The mutated H binding protein proved to be one of the primary factors that made the 1918 flu so incredibly virulent. That same team, in 2008, found a key set of three genes from the 1918 virus that allowed it to target cells in the lungs, rather than just the usual upper respiratory cells that flu viruses would ordinarily attack.
In 2005, Taubenberger’s team announced that they had finally decoded the entire genome of the 1918 flu. They used the army specimens, preserved in paraffin, and fragments recovered from Hultin’s “Lucy,” and concluded that it was an avian virus that had found a new host in humans. Whether pig, bird, human, or a combination of all three, if that 1918 flu does return, we may be prepared for it this time.

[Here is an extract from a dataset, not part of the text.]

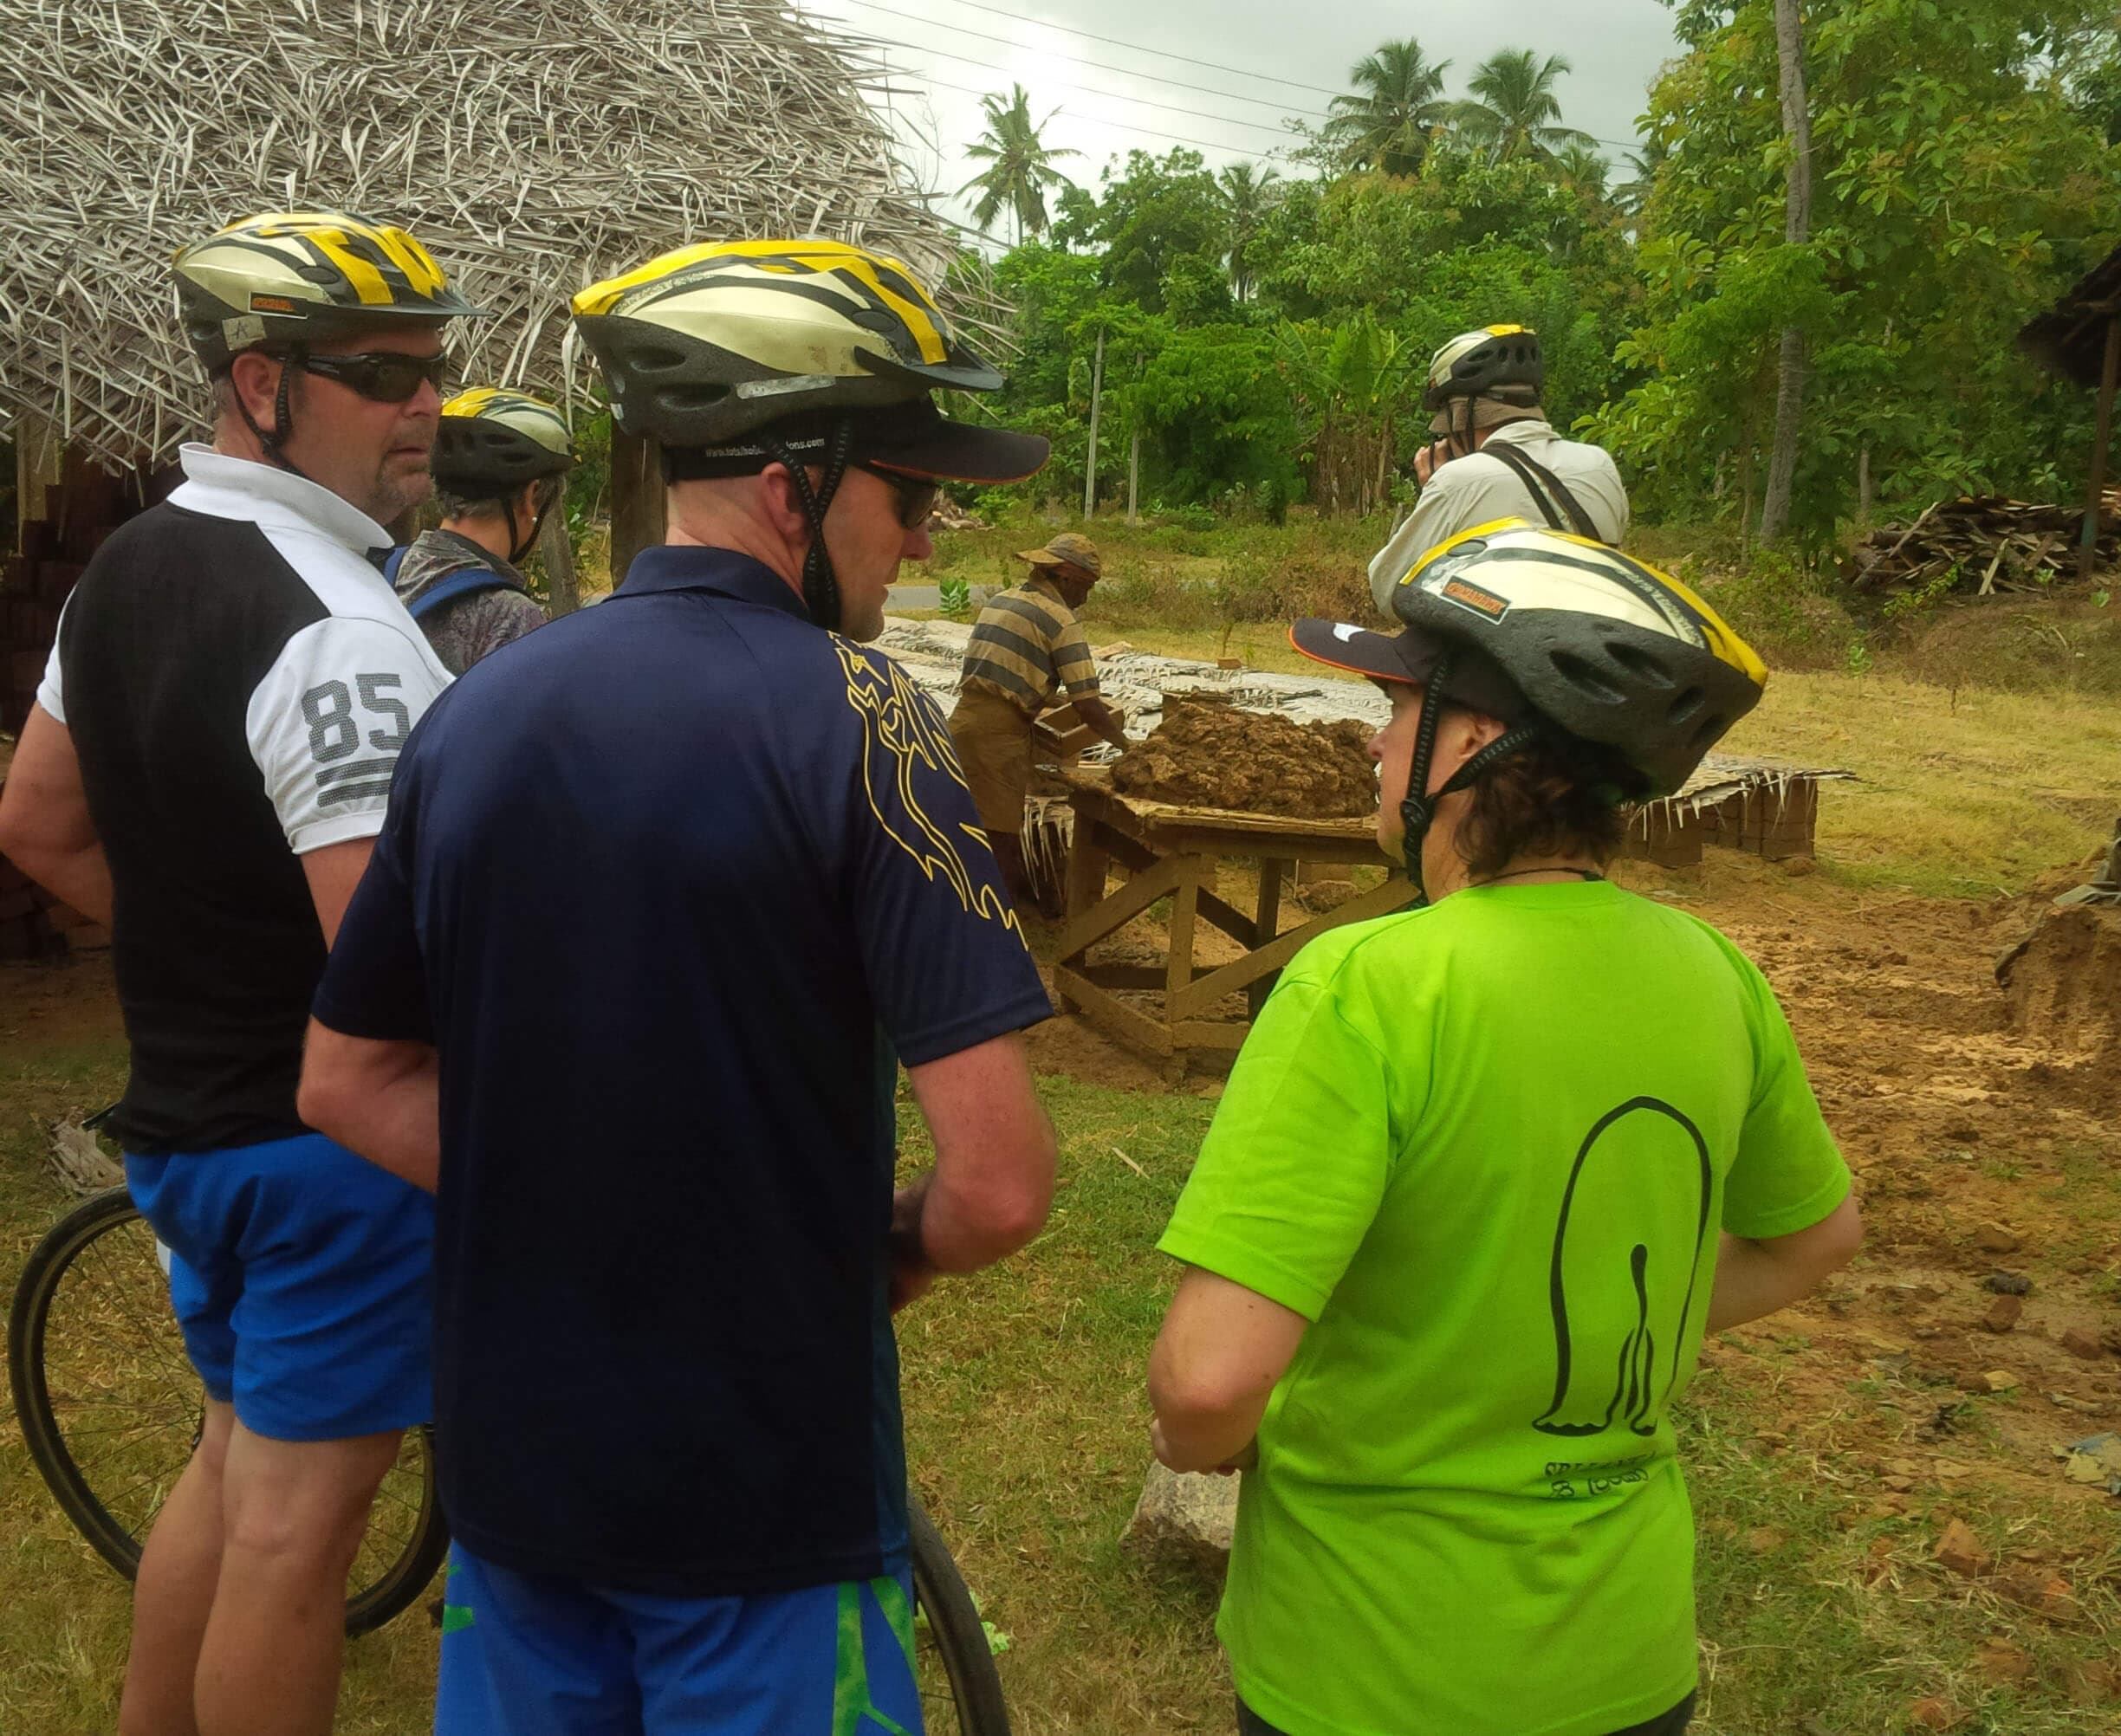 The cyclists explore clay bricks making process in Negombo Sri Lanka

Terrence Tumpey’s team, in 2006, spliced genes from the 1918 bug into a modern virus—a living virus. He then tested an experimental DNA vaccine that had been developed by the National Institutes of Health (NIH) and found it to be effective against the live reconstructed 1918 virus. Mice who were infected with the lab bug all died. All of the 10 vaccinated mice survived.
We’ve seen mankind on both the winning side and the losing side in our age-old struggle with microbes: We conquered the germ of laziness but we were decimated by the 1918 flu. There’s a very good reason why we’ve managed to survive the evolutionary arms race so far: Our highly evolved immune system gives us a deadly weapon to use against our microscopic rivals.